Computerized ECG analysis and visualization

Patients underwent noninvasive programmed stimulation (NIPS) using their ICD (details in Supplemental Appendix, section I) and recorded by an electrophysiology recording system. ECG data were analyzed using a proprietary computational ECG mapping algorithm (written in Python; Python Software Foundation, Beaverton, OR) and displayed on a 3-D heart model (Blender; Blender Foundation, Amsterdam, Netherlands). The automated mapping algorithm analyzes the vectorcardiographic data from the patient’s 12-lead ECG and computes the probabilistic locations derived from electroanatomic biventricular computer models. Patient-specific factors such as location of scar, ventricular dilation, and hypertrophy are factored into the mapping process, if such data are available. The VT exit sites are also automatically assigned the corresponding cardiac segments within both the left (LV) and right ventricles (RV), based on prior work using a 30-segment ventricular model. Further details describing the algorithm are located in section I of the Supplemental Appendix.

Mapping assessment and comparison to manual QRS morphology algorithm

When available, computed VT exit sites were compared with the results of invasive electrophysiology study from prior unsuccessful catheter ablation attempts.

Accuracy of the computational ECG algorithm was assessed by determining if the computed VT exit sites were in the same cardiac segment (using the 30-segment ventricular model) as the VT exit sites by invasive mapping for matched VT morphologies (same QRS morphology in 12 of 12 ECG leads).

For comparison, we also analyzed VT QRS morphologies using a contemporary manual QRS morphology algorithm by Andreu and colleagues and determined the segment of origin for each VT.

SAbR therapy planning

Three-dimensional maps displaying the VT exit sites were exported for therapy planning (Graphical Abstract, left panel). High-resolution (0.625 × 0.5 × 0.5 mm), dose modulated, cardiac-gated computed tomography (CT) scans (Revolution CT; GE Healthcare, Chicago, IL) were obtained to identify potential arrhythmogenic substrate, defined as wall thinning <5 mm (Supplemental Figures S1–S3). Data from other imaging modalities including cardiac magnetic resonance imaging (MRI), nuclear sestamibi, and prior voltage mapping were also integrated into a comprehensive assessment of LV substrate, and final target volumes were contoured onto the cardiac CT and then transferred onto the radiation simulation CT per protocol (Graphical Abstract 1, middle left panel).
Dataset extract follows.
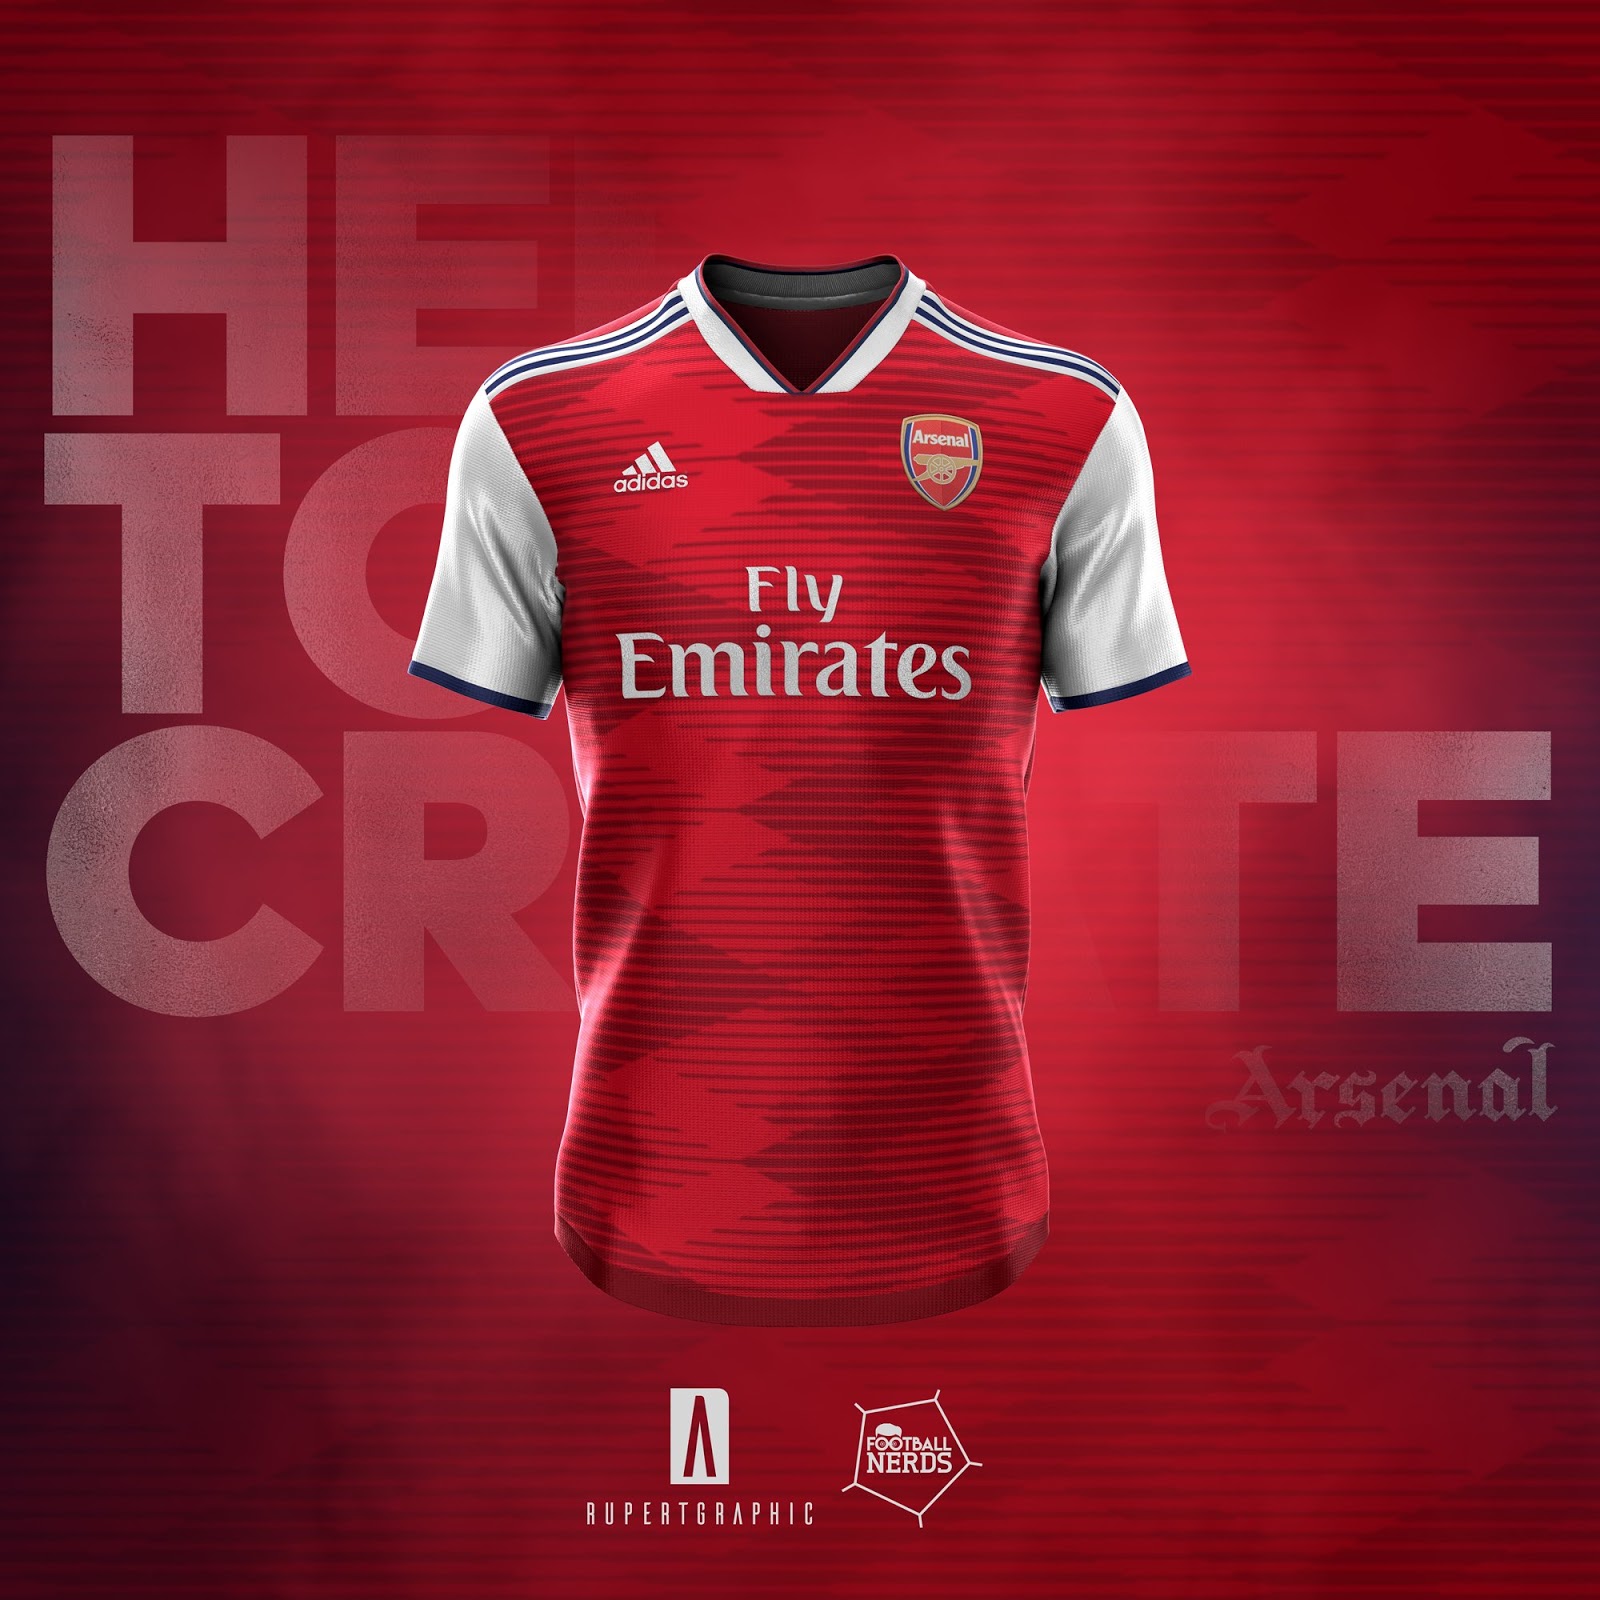 Stunning Adidas Arsenal 19-20 Home, Away & Third Kit Concepts ...

Efforts were made to integrate target regions for VTs exiting from a common central scar to create a continuous lesion, anchored to nonconducting structures when feasible.

Preprocedural assessment of respiratory motion

Both the magnitude of cardiac respiratory motion and proximity of the VT target to the gastrointestinal (GI) system were assessed using both the simulation 4D-CT and NIPS fluoroscopy to determine the need for respiratory gating. Respiratory gating was used when either the proximity of the VT target to a GI structure was ≤2.0 cm or respiratory motion of the closest intracardiac fiducial (ICD or coronary sinus [CS] lead tip) was ≥0.6 cm in the cranial-caudal axis during normal breathing (Graphical Abstract, middle right panel). These cutoff values were derived from prior studies analyzing ranges of cardiac motion during respiration. The full respiratory-gating protocol is detailed in the Supplemental Appendix, Section II.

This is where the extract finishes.